Rene Hen, Ph.D., Columbia University, and colleagues created mice that lacked the protein, which brain cells use to receive signals from the chemical messenger serotonin, by knocking-out the gene that codes for it. As adults, these "knockout" mice were slow to venture into -- or eat in -- unfamiliar environments. By selectively restoring, or "rescuing" certain populations of the receptor proteins, the researchers have now pinpointed when and where they enable the brain to cope with anxiety. Hen, Cornelius Gross, Ph.D., Xiaoxi Zhuang, Ph.D, and colleagues report on their discovery in the March 28, 2002 Nature.
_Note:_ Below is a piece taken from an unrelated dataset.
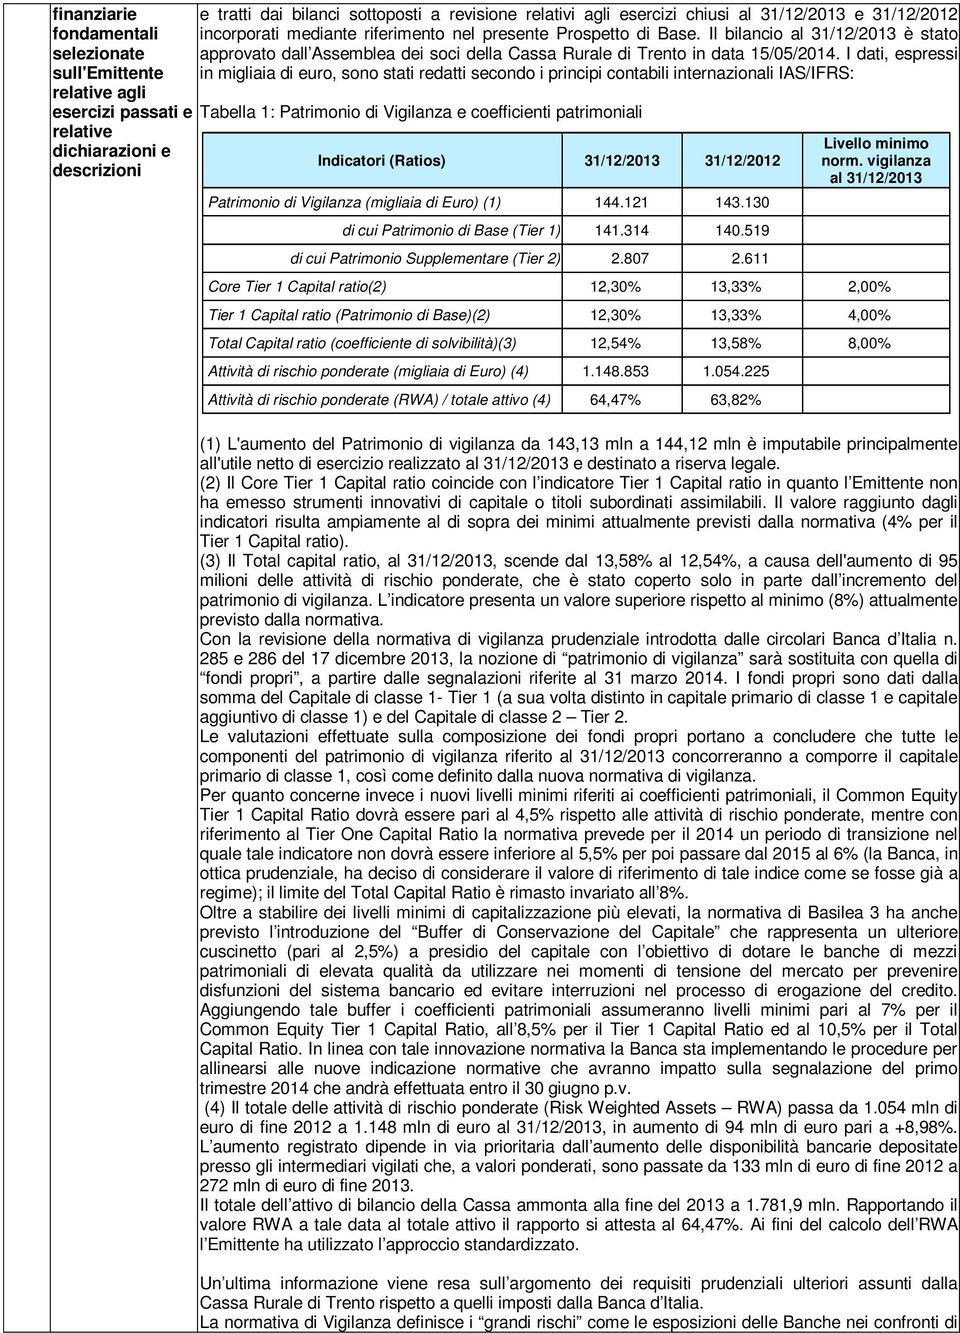 Il bilancio al 31/12/2013 è stato approvato dall Assemblea dei soci della Cassa Rurale di Trento in data 15/05/2014.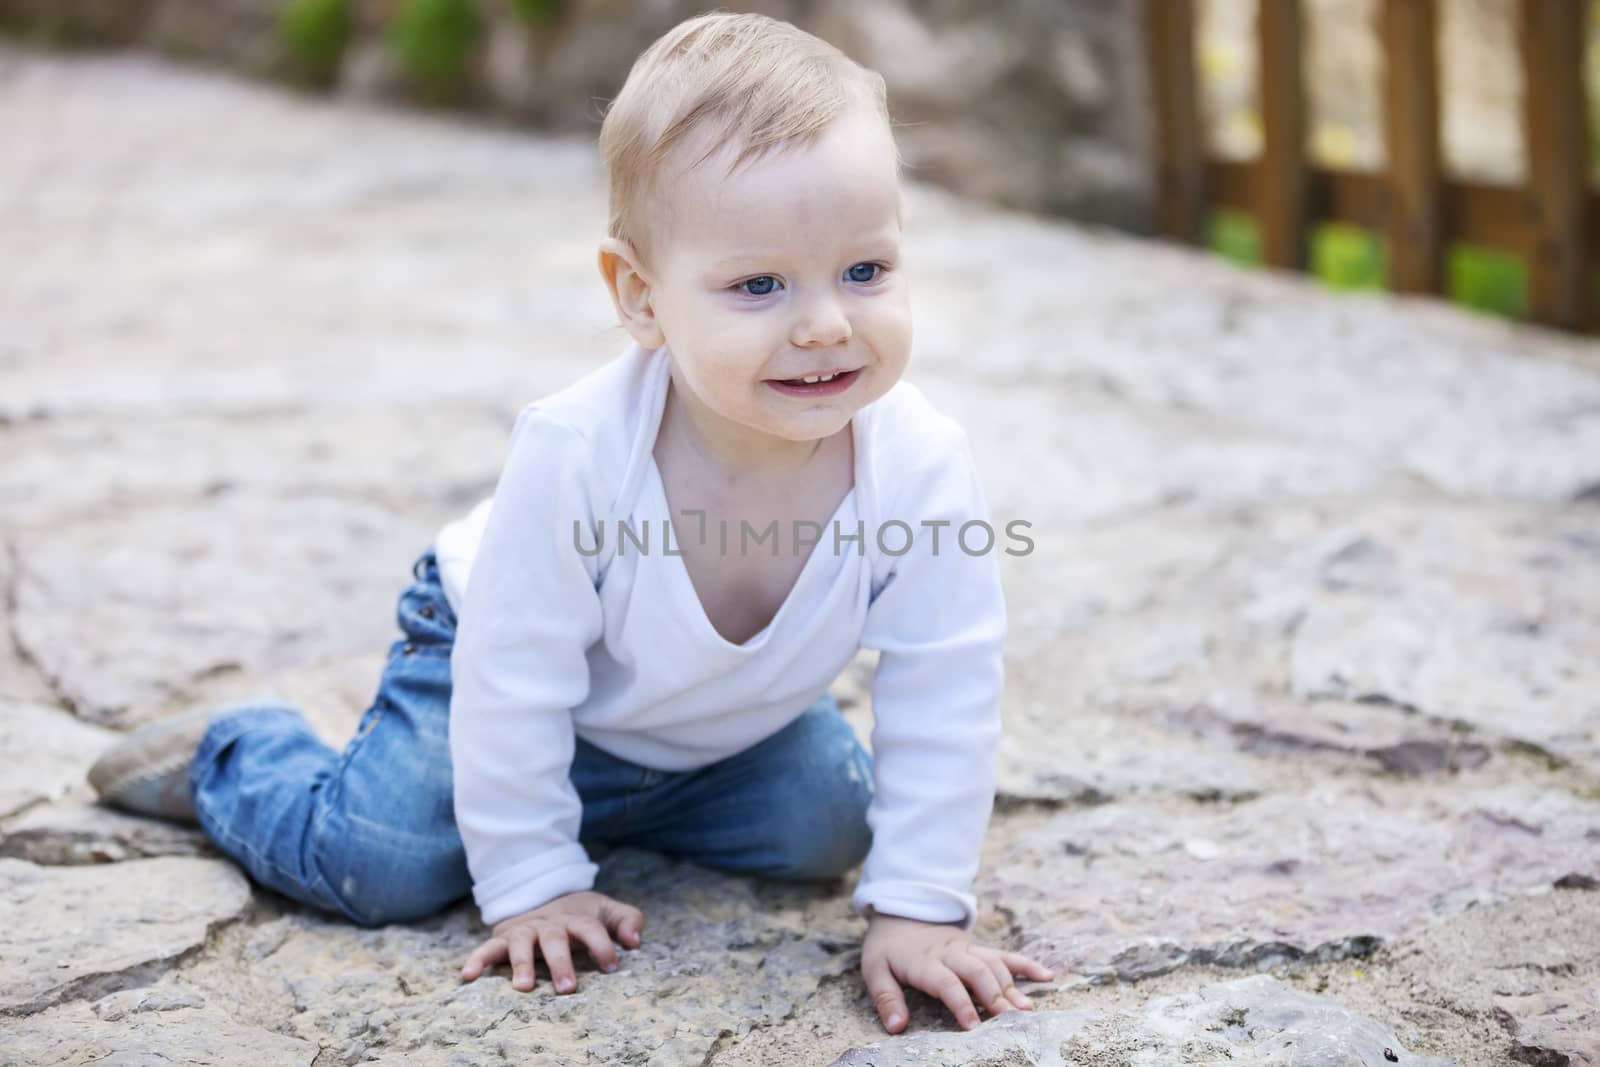 Cute little boy crawling on stone paved sidewalk by photobac

Brain neurons communicate with each other by secreting messenger chemicals, such as serotonin, which cross the synaptic gulf between cells and bind to receptors on neighboring cell membranes. Medications that enhance such binding of serotonin to its receptor (serotonin selective reuptake inhibitors, or SSRIs) are widely prescribed to treat anxiety and depression, suggesting that the receptor plays an important role in regulating these emotions.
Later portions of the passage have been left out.